ÇARGAH
Türk müsikisinde bir perde ve basit makamın adı.
Çargah perdesi.Türk musikesinde bir nota. Portenin, sol anahtarına göre üsten ikinci boşluğunun içine yazılan do notasının adıdır. Bir oktav (sekizli aralığı) tizindeki do notasına "tiz çargâh perdesi", bir oktav pestindeki do notasına da "kaba çargâh" perdesi denir.
Çargâh Makamı. Aralıkları bakımından tamamen bir Fisagor dizisi olan çargâh makamı dizisi, Arel-Ezgi nazariyatına göre Türk mûsikisinin ana dizisidir. Bu dizi, çargâh veya kaba çargâh perdesi üzerindeki bir çargâh beşlisine bir çargâh dörtlüsünün eklenmesinden meydana gelmiştir.
Kaba çargahta çargah beşlisi Kastta çargah dörtlüsü Bu makamın dizisinde sesler tabii olup herhangi bir arıza ile değiştirilmediğinden nota yazımında donanımına hiçbir işaret konmaz. Makamın güçlüsü rast veya gerdaniye perdesi, durağı İse çargâh veya kaba çargâh perdesidir. Bu arada çargâh perdesinin bütün sekizlilerinin bu makam için durak olabileceğini belirtmek gerekir. Çıkıcı veya inici-çıkıcı olarak seyreden çargâh makamı, durak perdesi üzerindeki beşlinin simetrik olarak tiz durak üzerine veya güçlü üzerindeki dörtlünün yine simetrik olarak durak altına göçürülmesi suretiyle genişler.
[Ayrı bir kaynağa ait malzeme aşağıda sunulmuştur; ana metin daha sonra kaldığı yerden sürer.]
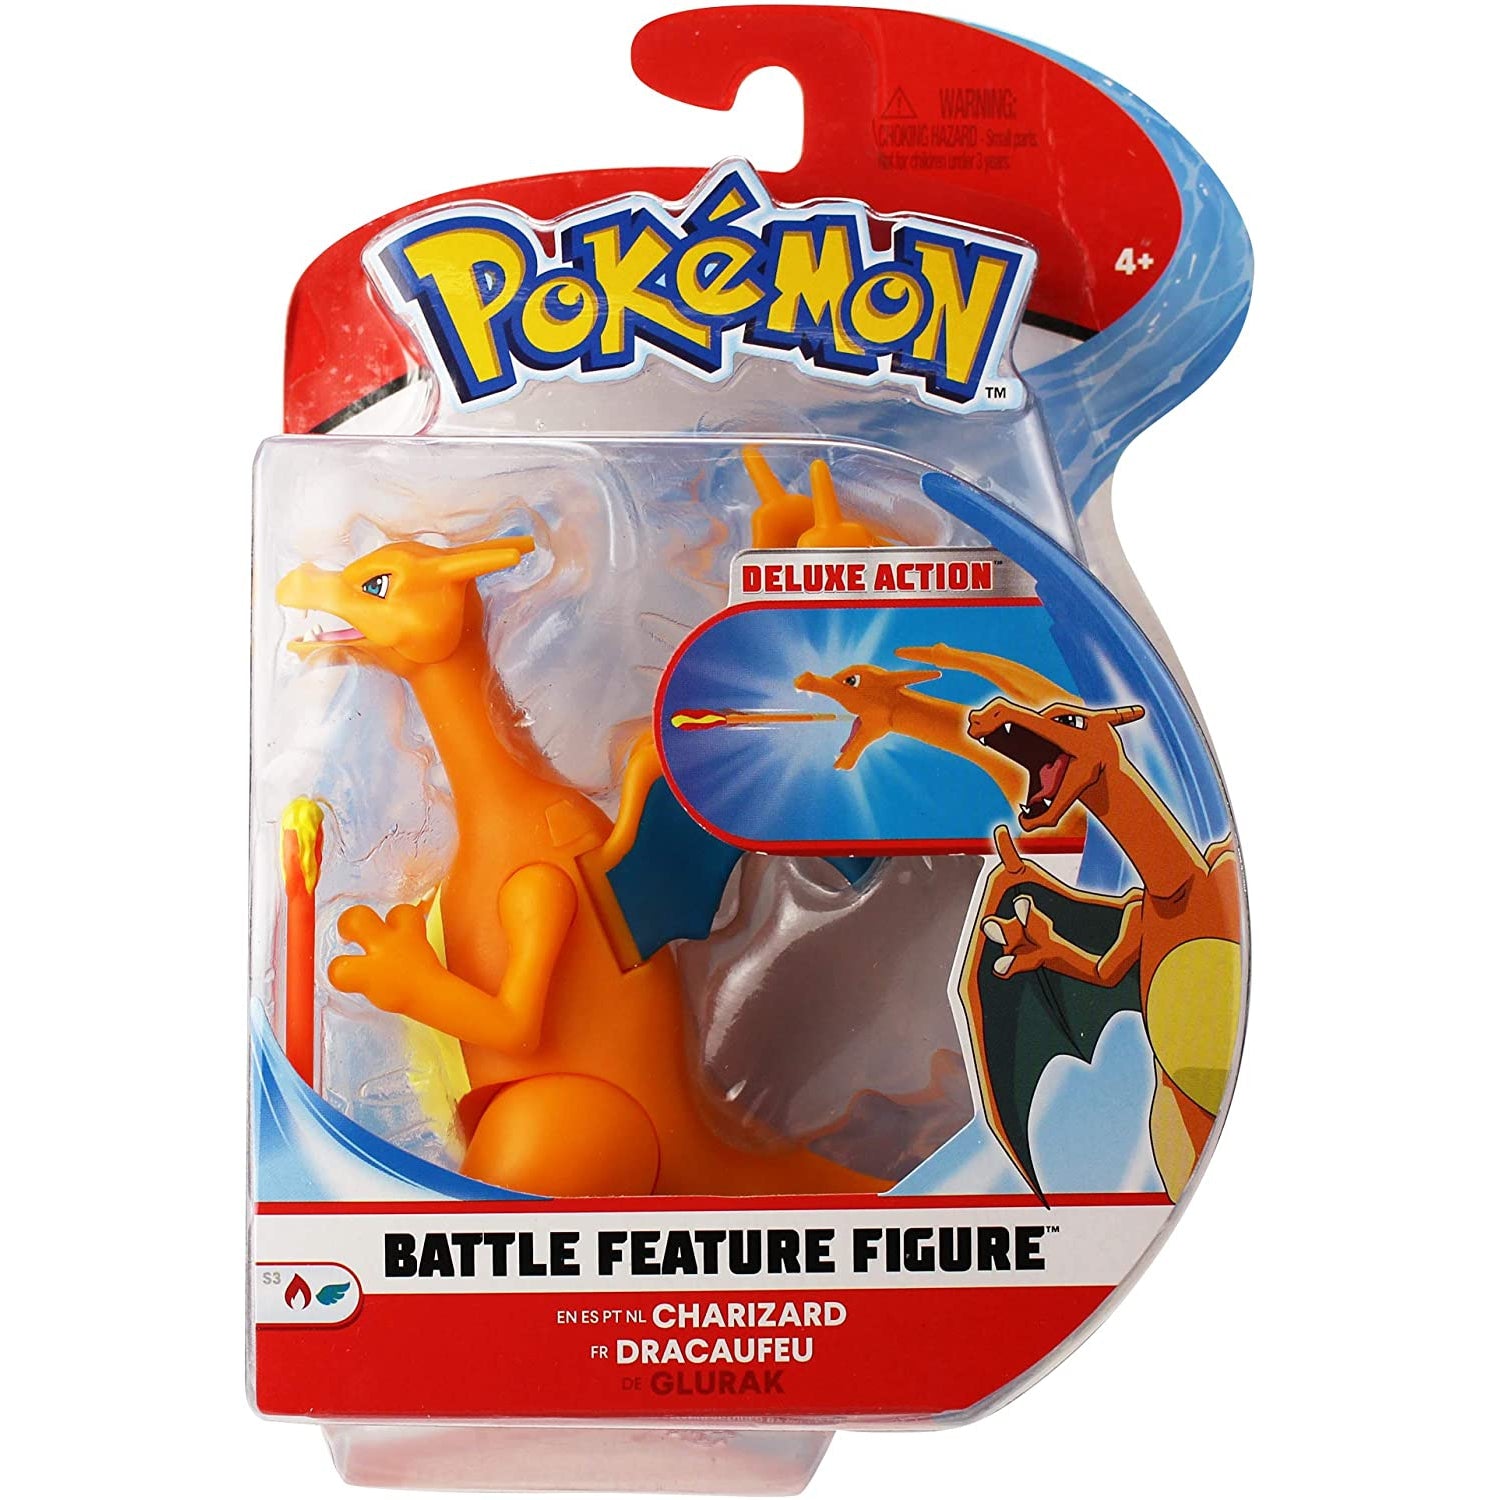 Pokemon Battle Feature Figure - Charizard

Makamın esas yapısında olmamakla beraber çargâh perdesi üzerinde bir hicaz dörtlüsü göstermek geçki olarak âdet olmuştur.
Çargâh makamı, bu dizi ve işaret edilen özellikleriyle Türk halk mûsikisinde kullanıldığı halde klasik mûsikide pek kullanılmamıştır. Dinî mûsiki başta olmak üzere klasik mûsikide kullanılan çargâh makamı dizisi ise "çargâhta bir zirgüleli hicaz dizisi'nden ibarettir.
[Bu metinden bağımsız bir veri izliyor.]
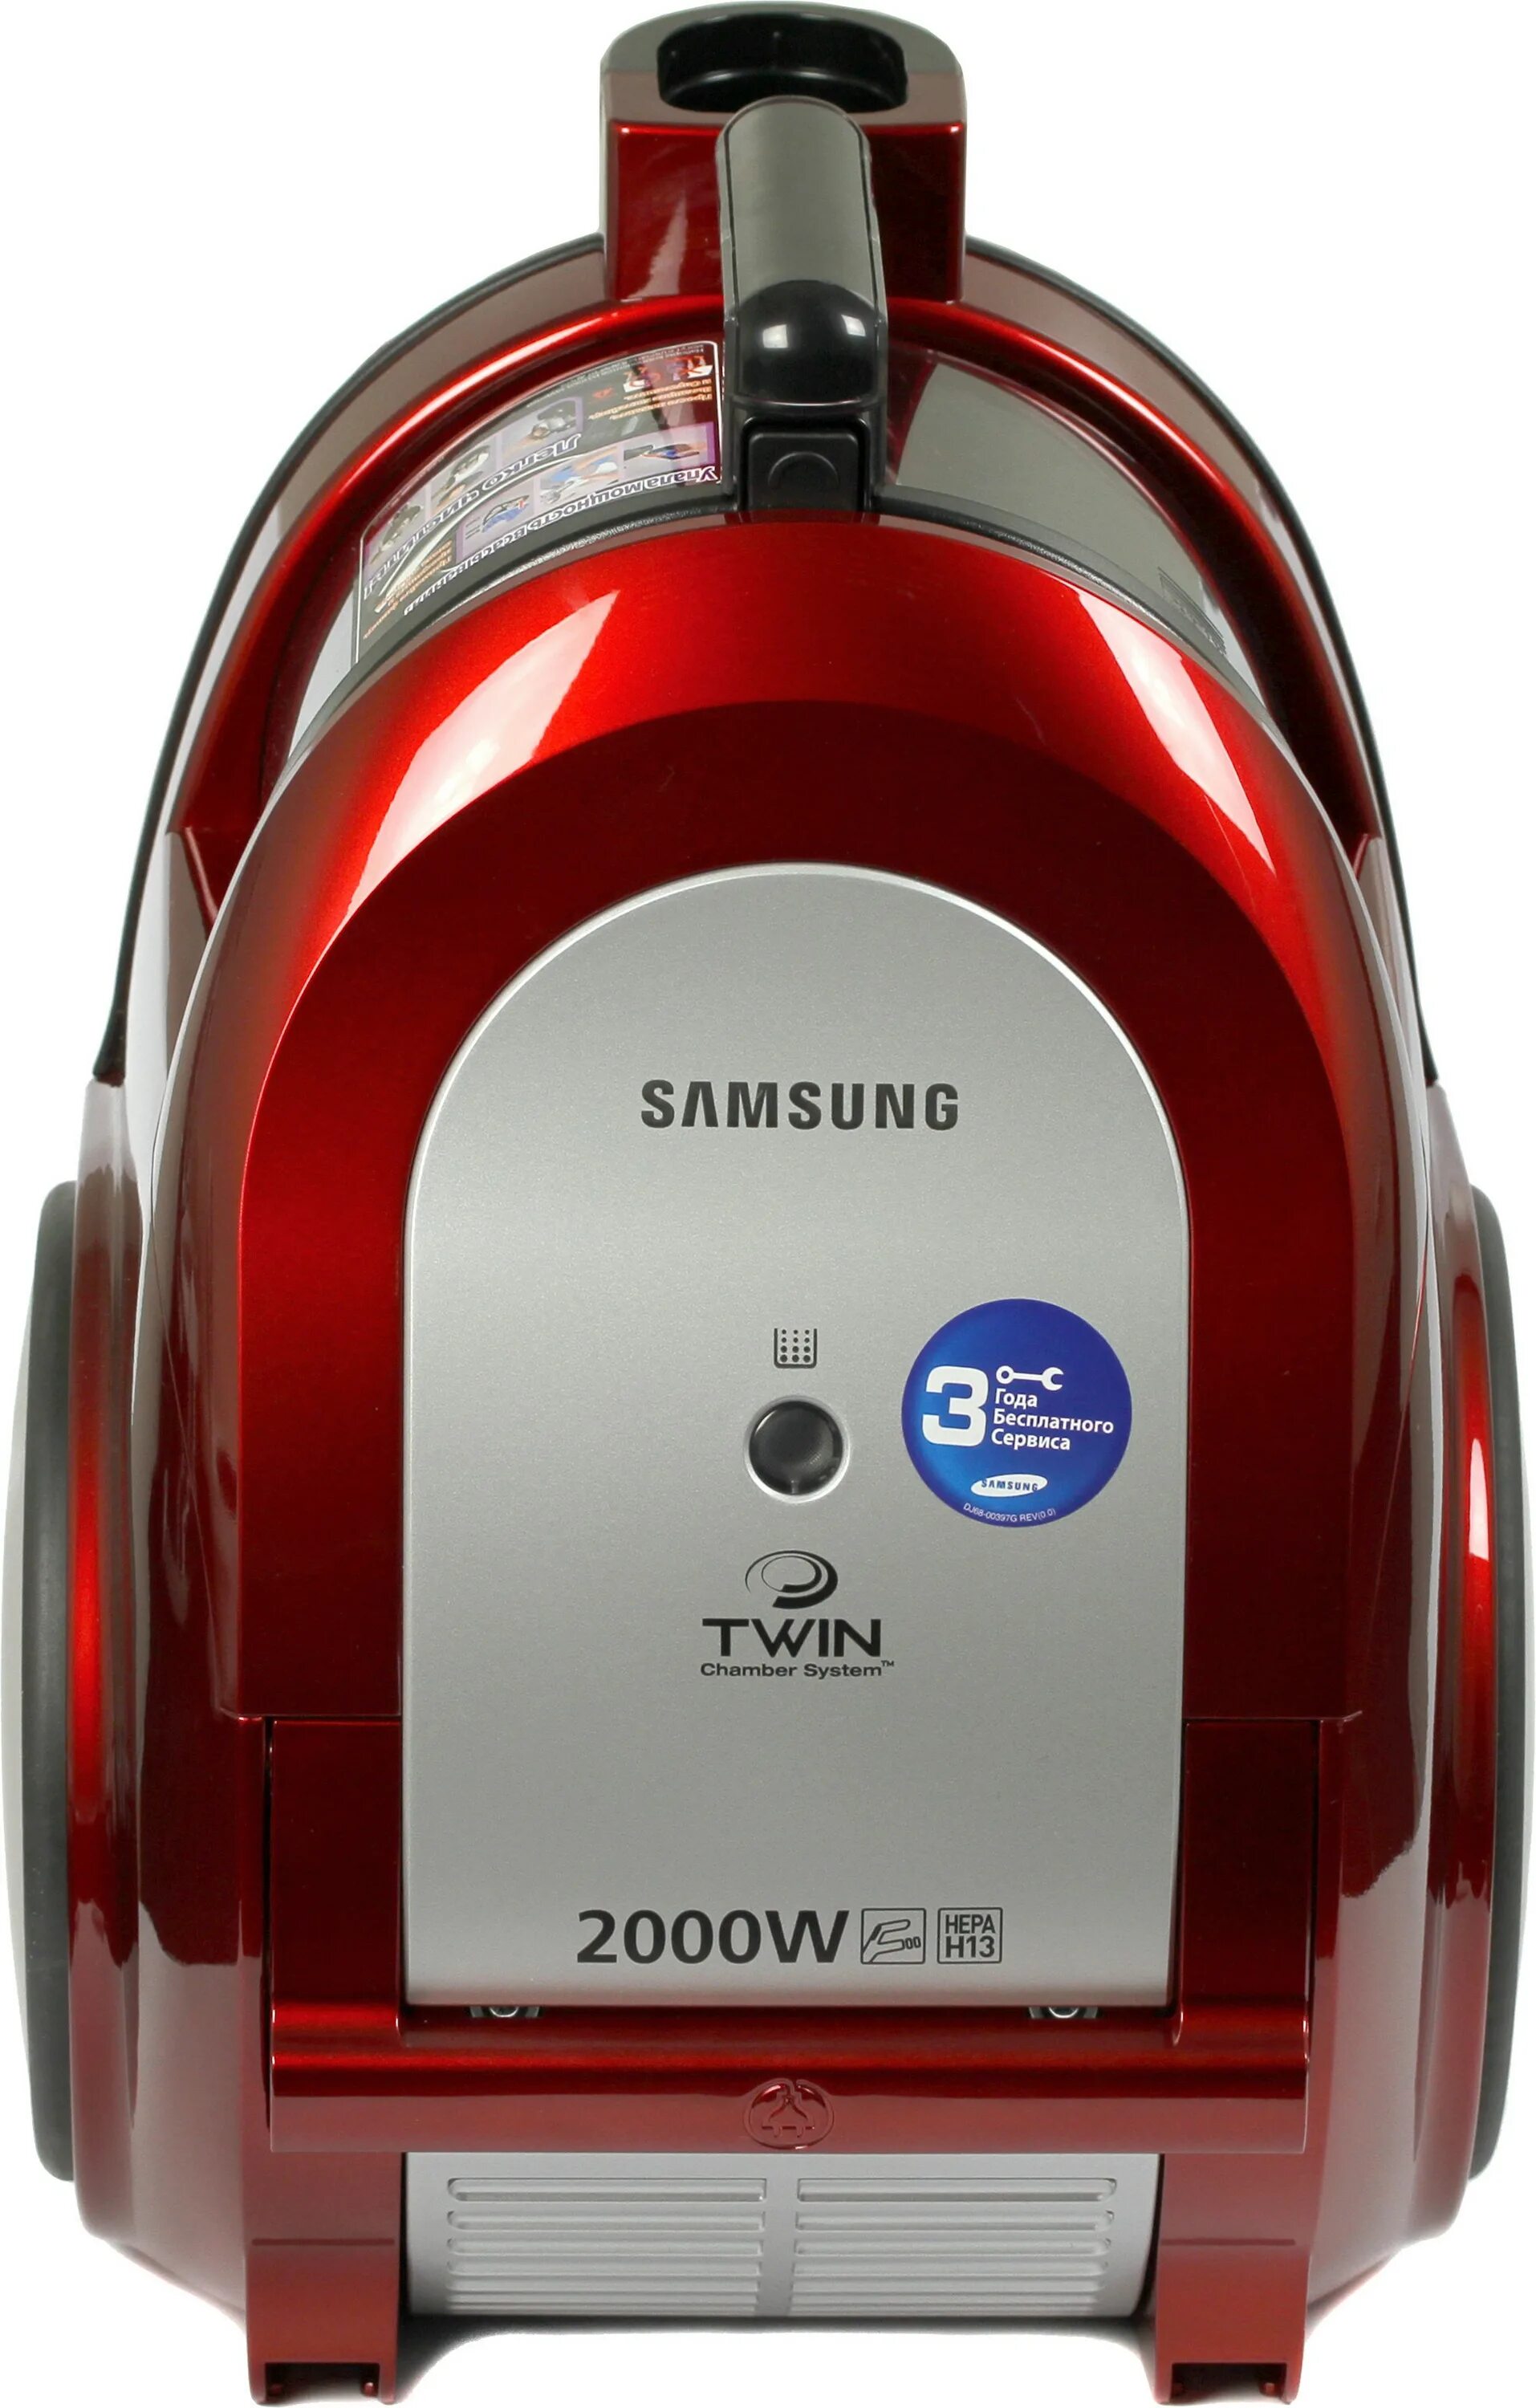 Samsung Twin 2000w. Пылесос Samsung Twin 2000w. Пылесос Samsung VCC 6590 h3r/xev. Пылесос самсунг 2000w EPA. Пылесосы samsung модели

Gerek Arel gerekse Ezgi'nin, fazla kullanılmayan bu diziyi ana dizi olarak kabul etmelerinin sebeplerinden biri, sadece tanîni ve bakiye aralıklarından meydana gelen bu dizideki seslerin herhangi bir değiştirme işareti taşımamalarıdır. Dolayısıyla bu aralıklar, Türk mûsi-kisindeki diğer özel aralıkların elde edilmesine de en elverişli olanlardır. Ayrıca basit makamların hepsinin bu dizinin bütün sesleri üzerine göçürülme imkânı olması da çargâh dizisinin ana dizi sayılmasının sebepleri arasındadır. Ancak çargâh dizisinin ana dizi olarak kabul edilmesi, Türk mûsikisinde ana dizinin hangisi olduğu konusunda günümüze kadar süren birtakım tartışmalara yol açmıştır.
Çargâh makamı dizisi, pest ve tiz bütün sekizlileri de dahil olmak üzere şu yedi perdeye göçürülemez: Hicaz, hisar, dik acem, şehnaz, dik şehnaz, dik sün-büle, tiz dik buselik.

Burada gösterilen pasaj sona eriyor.